We constructed proportional analogy problems with four terms, of the form A : B :: C : D, where the relation between A and B was the same as between C and D. Each of A, B , C, D was a point in the integer space ℤ², with each dimension sampled from the range [0, M - 1], where M denotes the size of the training region. To form an analogy, two pairs of points (A, B) and (C, D) were chosen such that the vectors AB and CD were equal. Each analogy problem also contained a set of 6 foil items sampled in the range [0, M - 1]² excluding D, such that they didn’t form an analogy with A, B, C. The task was, given A, B and C, to select D from a set of multiple choices consisting of D and the 6 foil items. During training, the networks were exposed to sets of points sampled uniformly over locations in the training range, and with pairs of points forming vectors of varying length. The network was trained on 80% of all such sets of points in the training range, with 20% held out as the validation set.

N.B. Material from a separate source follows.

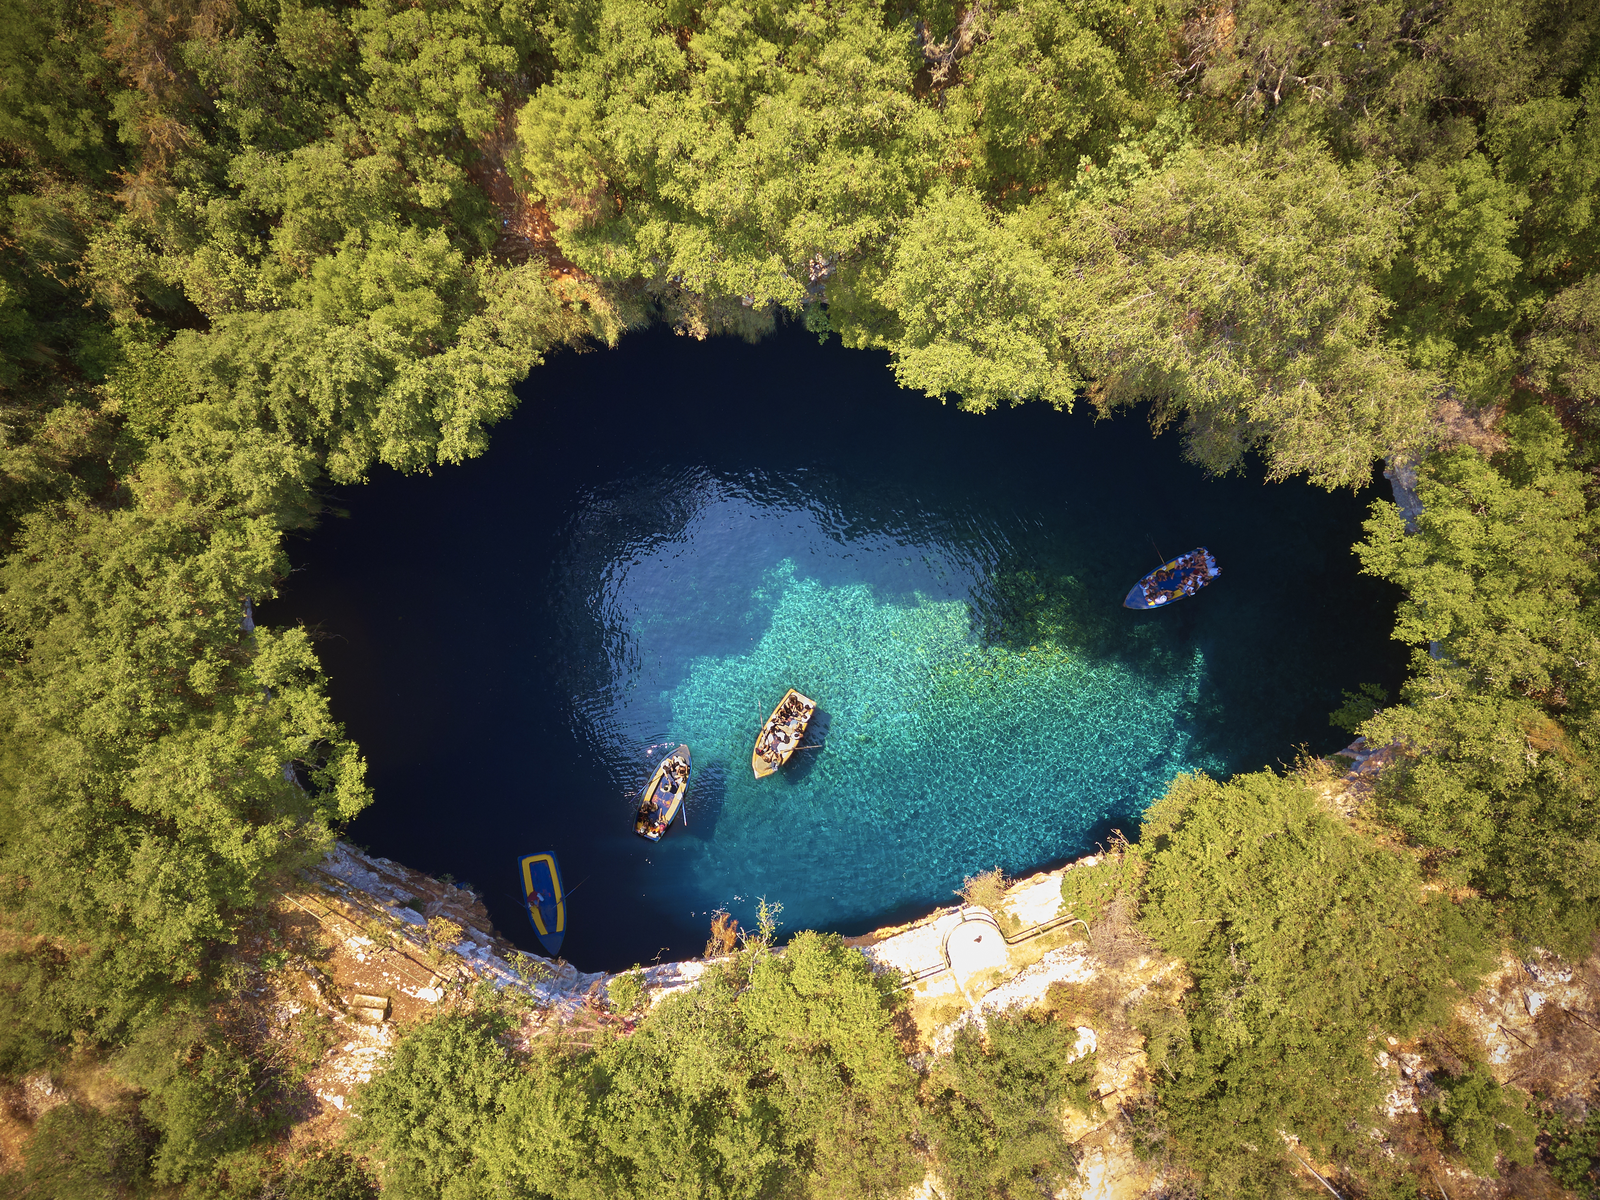 Overhead view on four boats hovering at Melissani Cave ( Melissani Lake) near Sami village in Kefalonia island, a notable place and one of the best places to visit in Greece, with its crater surrounded by lush forest

To study OOD generalization, we created two cases of test data, that tested for OOD generalization in translation and scale. For the translation invariance case (Figure 2(a)), the constituents of the training analogies were translated along both dimensions by the same amount ¹ KM such that the test analogies were in the range [KM, (K + 1)M - 1]² after translation. Non-overlapping test regions were generated for K ∈ [1, 9]. Similar to the translation OOD generalization regime of Webb et al. (2020), this allowed the graded evaluation of OOD generalization to a series of increasingly remote test domains as the distance from the training region increased. For example a training analogy A : B :: C : D after translation by KM, would be A + KM : B + KM :: C + KM : D + KM. For the scale invariance case (Figure 2(b)), we scaled each constituent of the training analogies by K so that the test analogies after scaling were in the range [0, KM - 1]². Thus, an analogy A : B :: C : D after scaling by K, would be KA : KB :: KC : KD. By varying the value of K from 1 to 9, we scaled the training analogies to occupy increasingly distant and larger regions of the test space.

2.1.2 Arithmetic task

We tested two types of arithmetic operations, corresponding to the translation and scaling transformations used in the analogy tasks: elementwise addition and multiplication of two inputs A and B, each a point in ℤ² , for which C was the point corresponding to the answer (i.e., C = A + B or C = A * B). As with the analogy task, each arithmetic problem also contained a set of 6 foil items sampled in the range [0, M -1]², excluding C. The task was to select C from a set of choices consisting of C and the 6 foil items. Similar to the analogy task, training data was constructed from a uniform distribution of points and vector lengths in the training range, with 20% held out as the validation set. To study OOD generalization, we created testing data corresponding to K = 9 non-overlapping regions, such that C ∈ [M, 2M - 1]², [2M, 3M - 1]²,…[KM, (K + 1)M - 1]².

2.2 Architecture

2.2.1 Grid codes

As discussed above, grid codes are found in the mammalian neocortex, that support structured, lowdimensional representations of task-relevant information. For example, an organism’s location in 2D allocentric space (Hafting et al., 2005), the frequency of 1D auditory stimuli (Aronov et al., 2017), and conceptual knowledge in two continuous dimensions (Constantinescu et al., 2016) have all been shown to be represented as unique, similarity-preserving combinations of frequencies and phases. Here, these codes are of interest because the relational structure in the input is preserved in the code across translation and scale. This offers a promising metric that can be used to learn structure relevant to the processing of analogies (Frankland et al., 2019) and arithmetic over a restricted range of stimulus values, and then used to generalize such processing to stimuli outside of the domain of task training.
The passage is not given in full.